Career as Forensic Photographer
Photographing dead bodies for identification purposes or during an autopsy isn't generally a career in itself but is part of the duties of a morgue or autopsy technician. To become a morgue technician, you must have a degree, along with knowledge of autopsy methods and forensic photography, among other qualifications. If you enjoy the photographic aspect of the work, consider further training as a forensic photographer.
The morgue technician works closely with the medical examiner and pathologists. He might photograph faces of the deceased for identification purposes. Forensic photographers document autopsies, as well as evidence in suspicious deaths. That includes photographing a murder or accident victim at the scene of a crime or incident. During an autopsy, the forensic photographer positions the body at the direction of the pathologist, photographing organs or wounds. In criminal cases, the photographer documents other types of evidence, such as tears or bloodstains on the victim's clothing. The photographs taken can appear at a trial as evidence, so the forensic photographer must know the correct light sources and film for various types of images. Each photograph must include a reference scale, along with identification such as case number and name of the deceased.
Use of Imaging
In addition to photography, morgue technicians might assist the medical examiner in performing some diagnostic imagery on bodies, such as dental or skeletal X-rays for identification purposes. Technicians also preserve tissue evidence on radiographs or slides. The technician needs digital imagery skills, as these techniques are increasingly used in the field.
Physical strength is required for morgue technicians, as you must be capable of lifting heavy bodies -- literally "dead weight." Technicians also clean and maintain the morgue, keep records, order supplies and release bodies to funeral homes. Technicians are responsible for inventorying the late person's personal effects and maintaining evidence collected from corpses. When bodies come into the morgue, technicians tag them and place them into special refrigerated rooms. You must also possess a valid driver's license, as picking up or delivering bodies is often part of the job.

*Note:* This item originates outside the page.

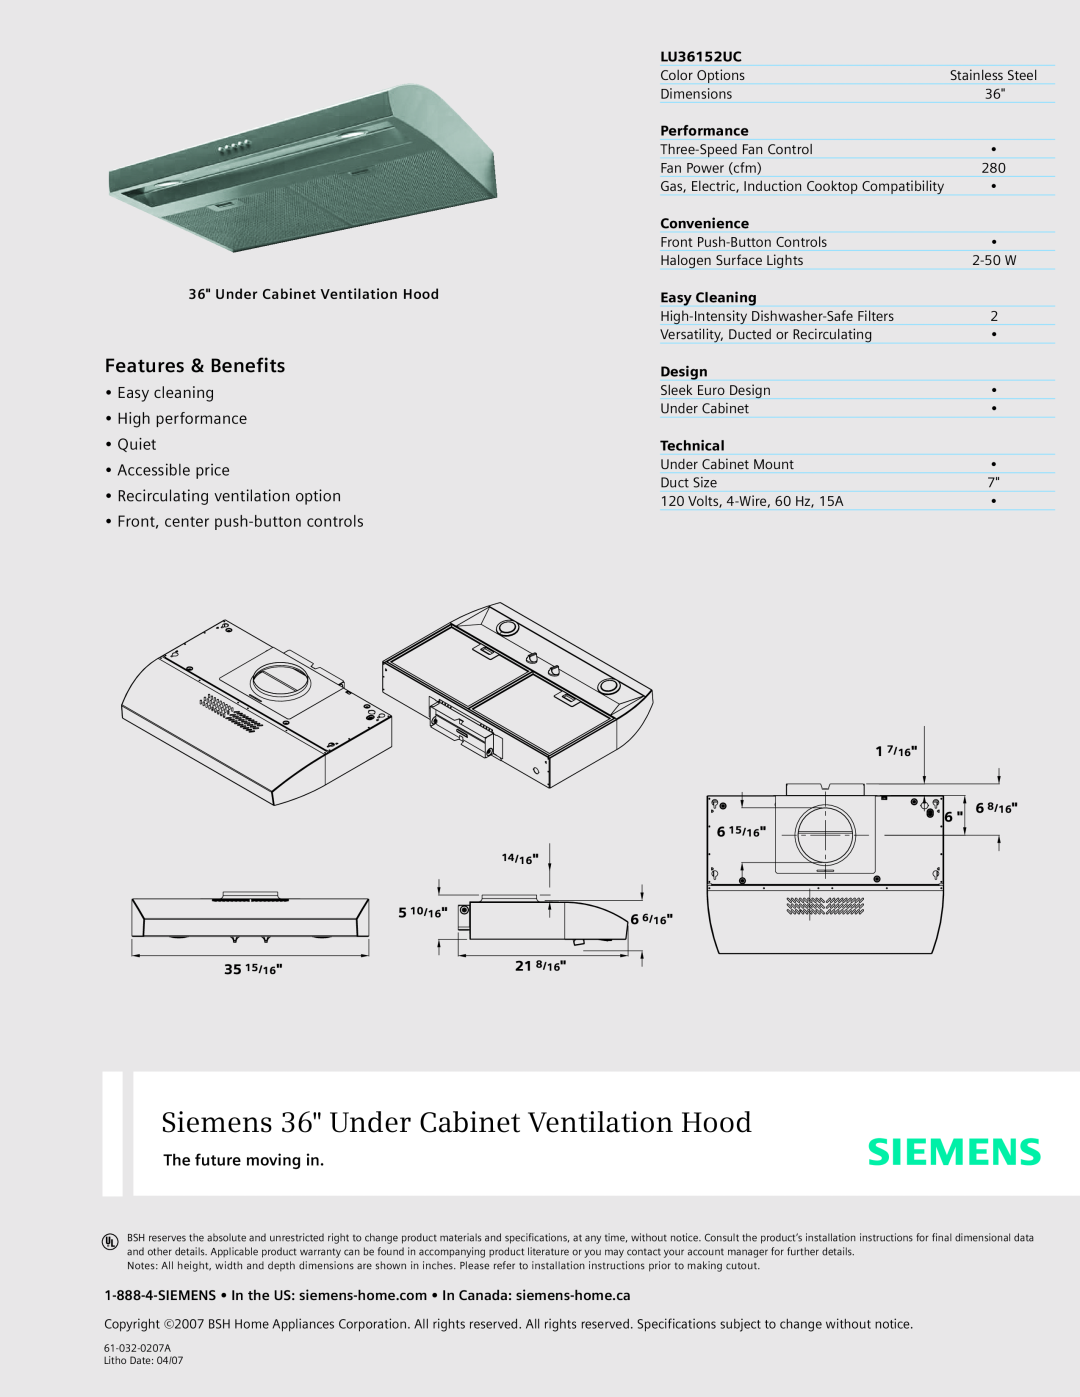 Siemens LU36152UC specifications Siemens 36 Under Cabinet Ventilation Hood, Features & Benefits, The future moving in

Education and Salary Range
Minimal educational requirements for a morgue technician include an associate's degree in biochemistry, physiology, mortuary science or a similar scientific field. Since crimes occur and people die around the clock, hours can vary. Depending on the actual job title and experience, the salary range for a morgue technician ranges from 23k annually to mid-30k. Because morgues are operated by public agencies or hospitals, full-time employees receive health insurance and are enrolled in pension plans or employer-sponsored retirement plans.
Advancing Your Career
Becoming a forensic photographer means working beyond just the morgue setting. Your photographs of accident or crime scenes become part of a criminal or civil case's evidence. Keep up with technological advances in digital and other forms of photography by taking college level or law enforcement academy courses in this and related subjects, such as image analysis. You can receive certification from national and international forensic organizations via written and practical testing.